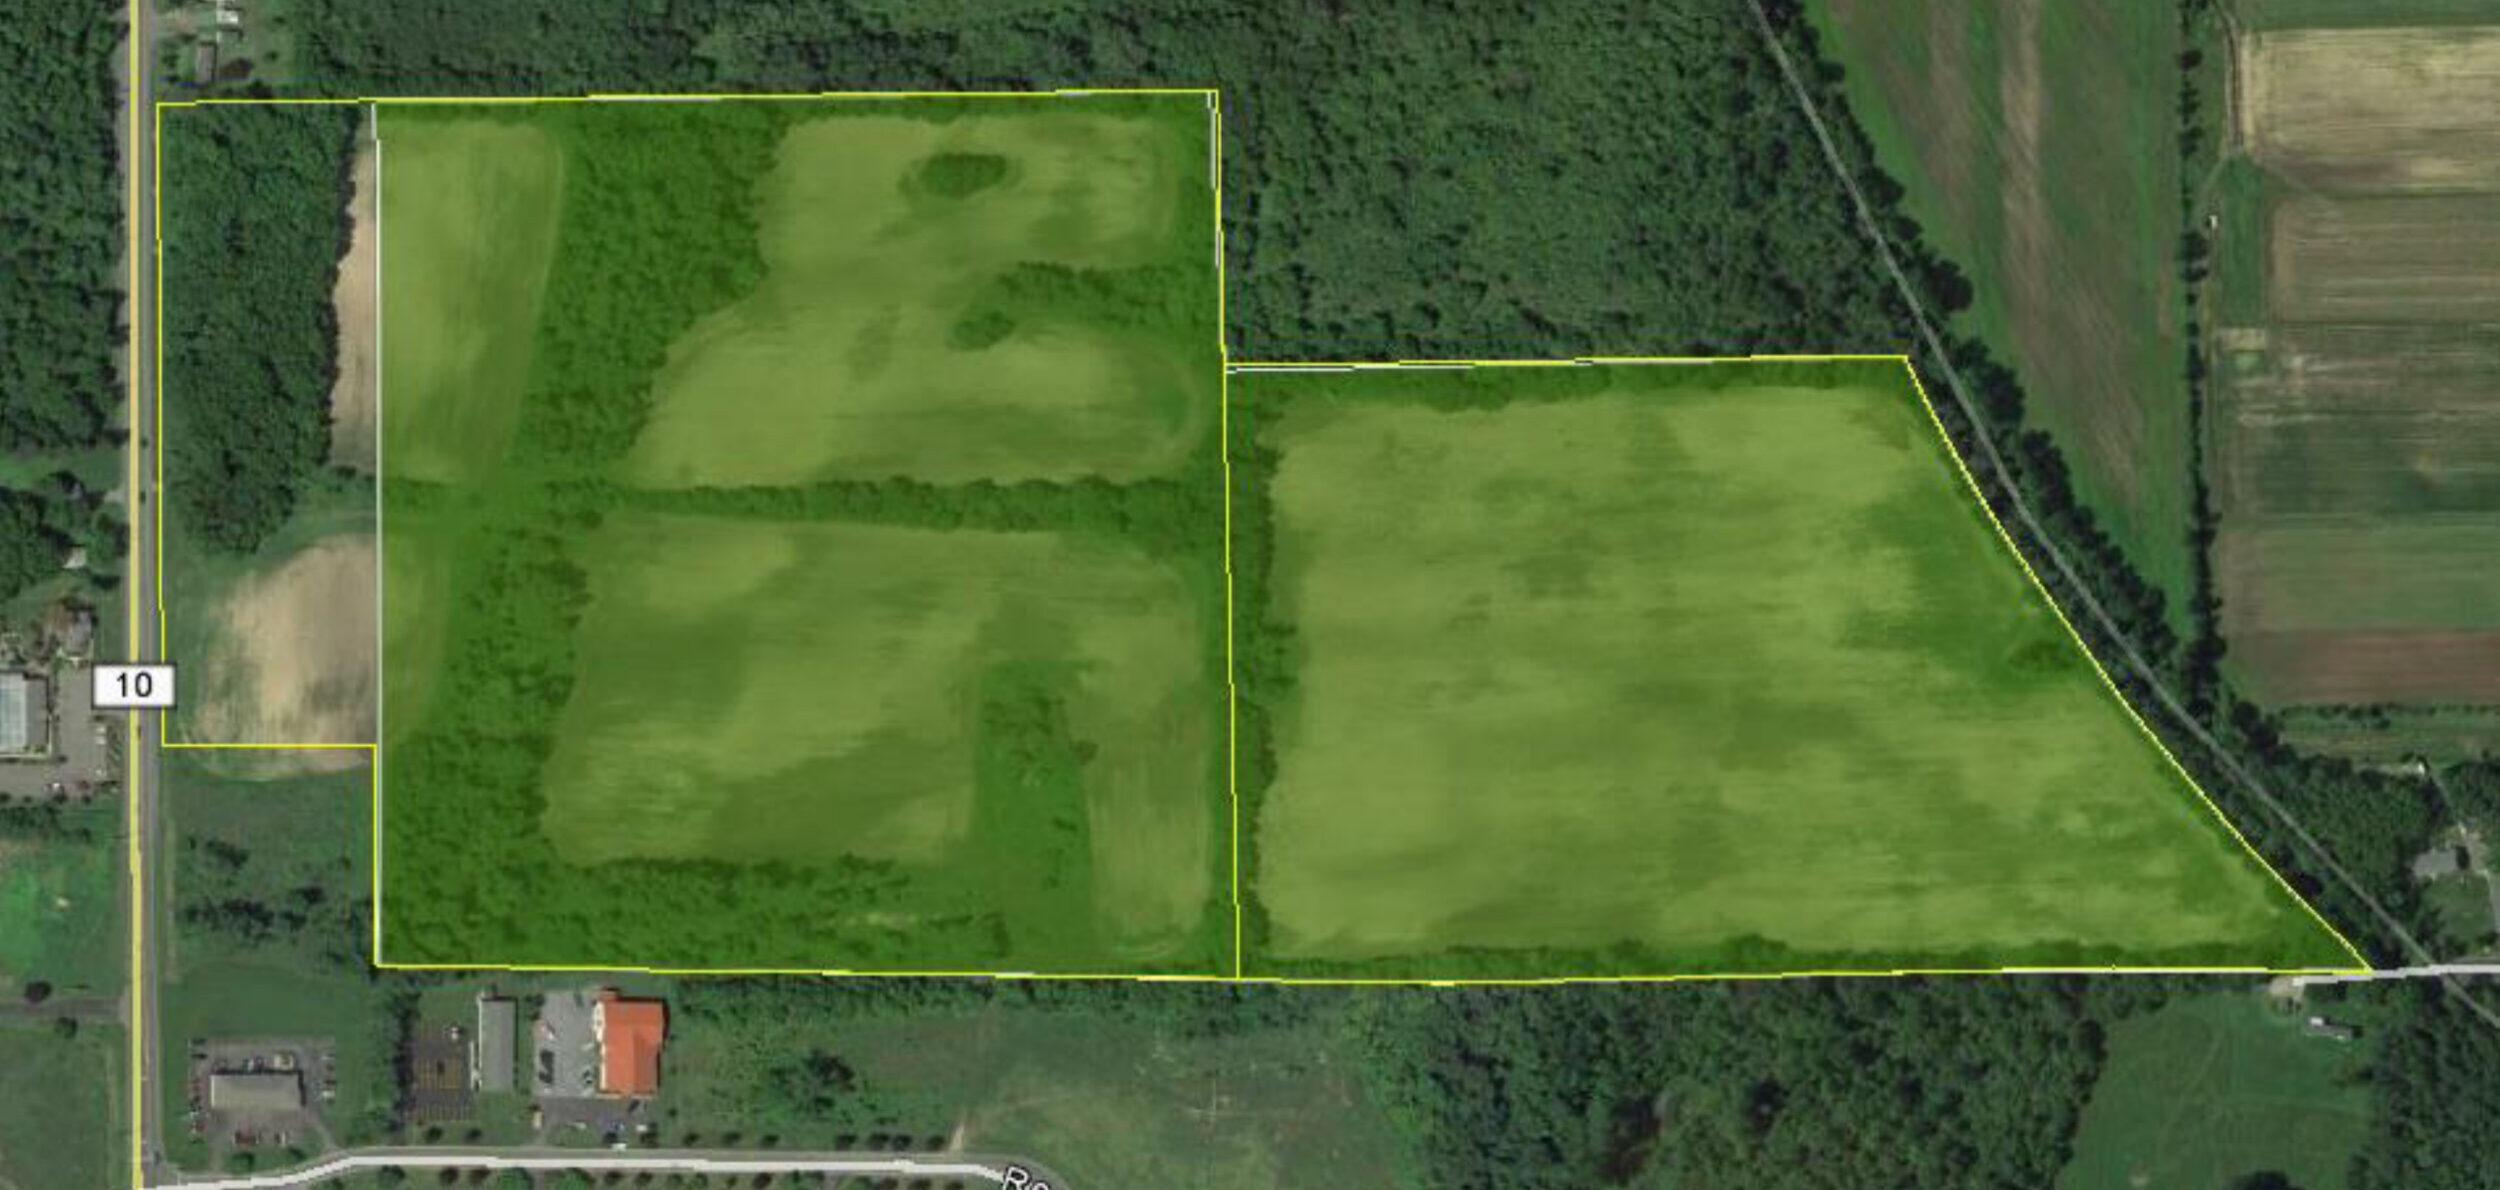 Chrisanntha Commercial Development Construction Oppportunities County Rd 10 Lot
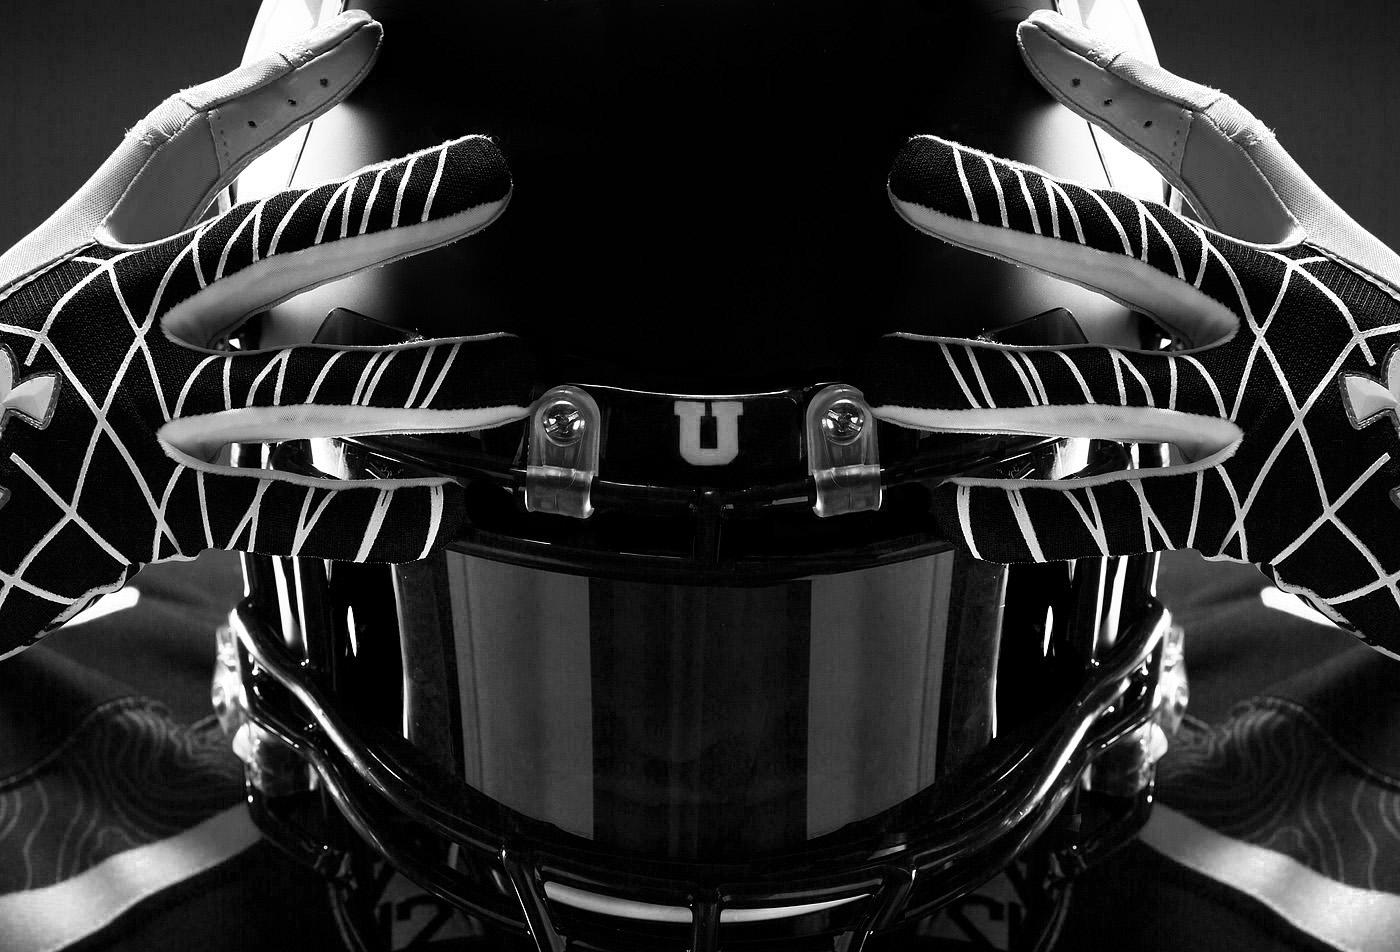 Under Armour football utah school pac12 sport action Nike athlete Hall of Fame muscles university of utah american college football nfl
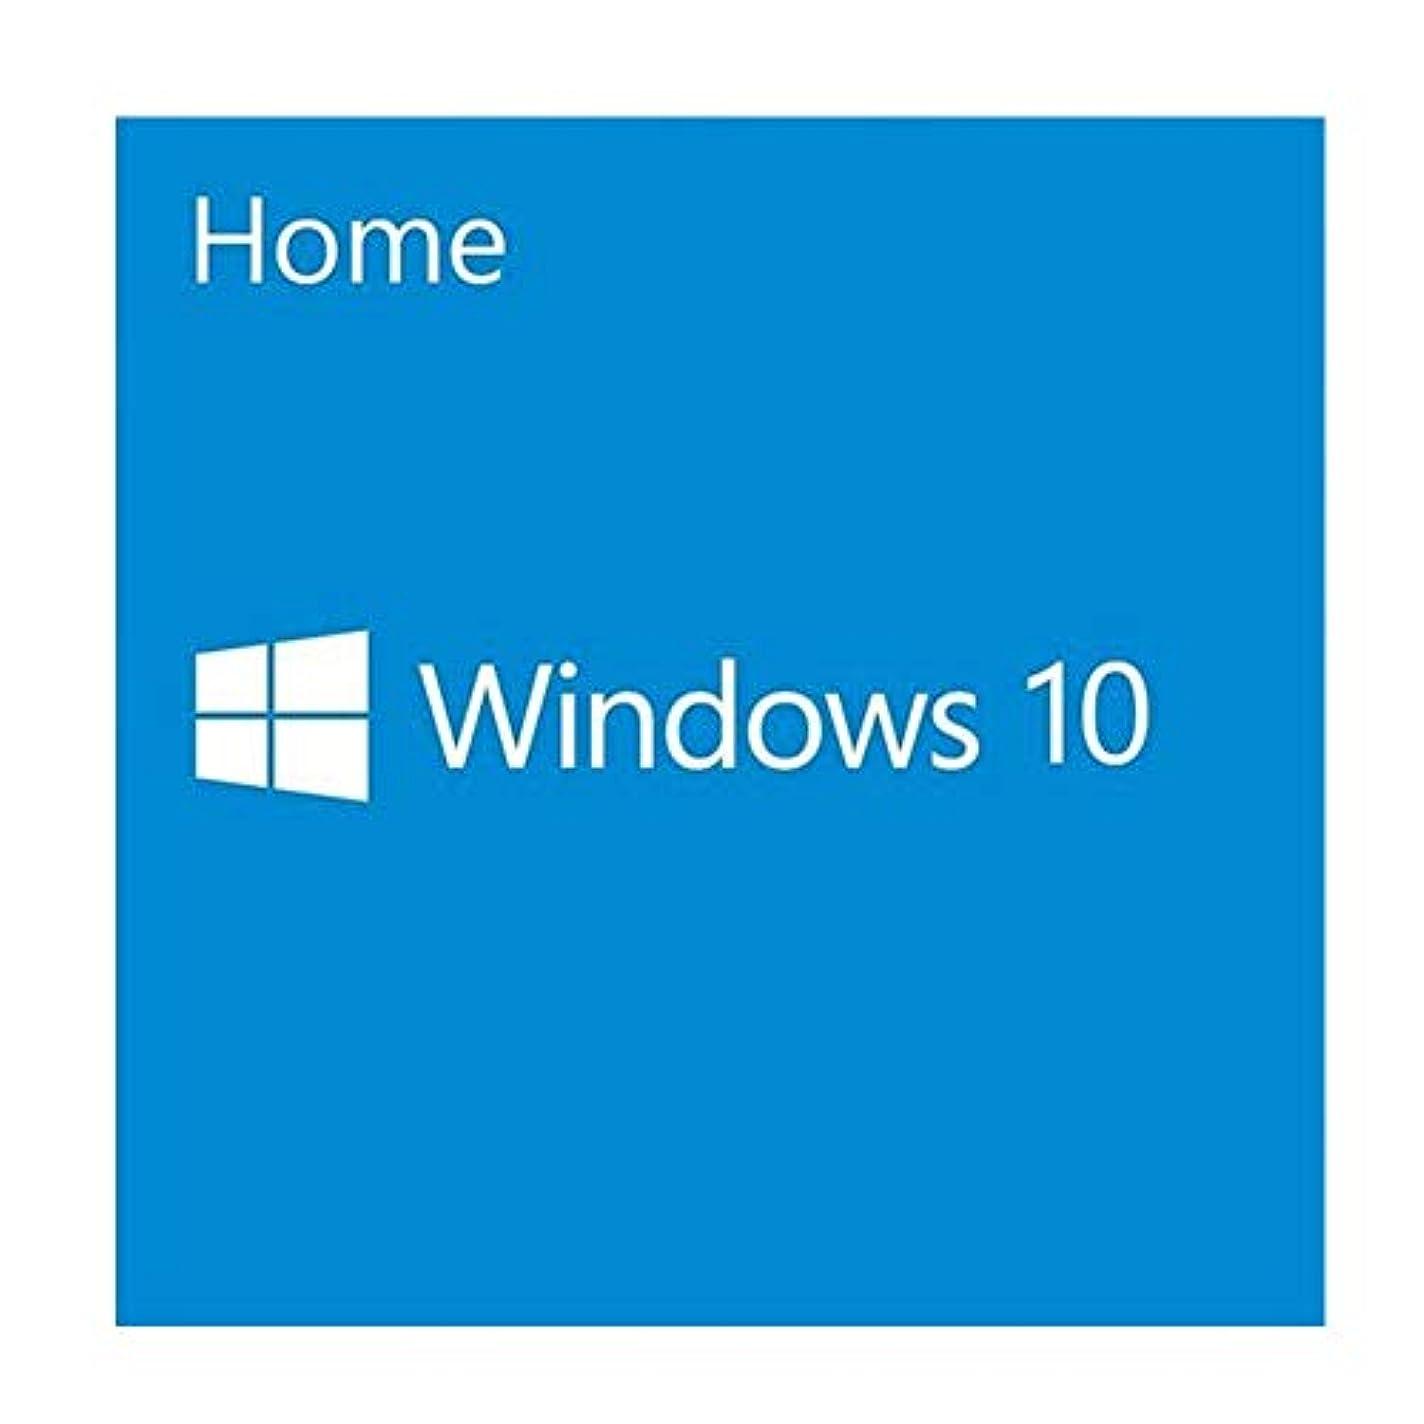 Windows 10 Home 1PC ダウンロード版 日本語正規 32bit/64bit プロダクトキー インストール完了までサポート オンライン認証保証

* _What is needed_
Hand back every line of the material, exactly, without the pictures.

* _Answer box_
 Chrisanntha Commercial Development Construction Oppportunities County Rd 10 Lot
 Under Armour football utah school pac12 sport action Nike athlete Hall of Fame muscles university of utah american college football nfl
 Windows 10 Home 1PC ダウンロード版 日本語正規 32bit/64bit プロダクトキー インストール完了までサポート オンライン認証保証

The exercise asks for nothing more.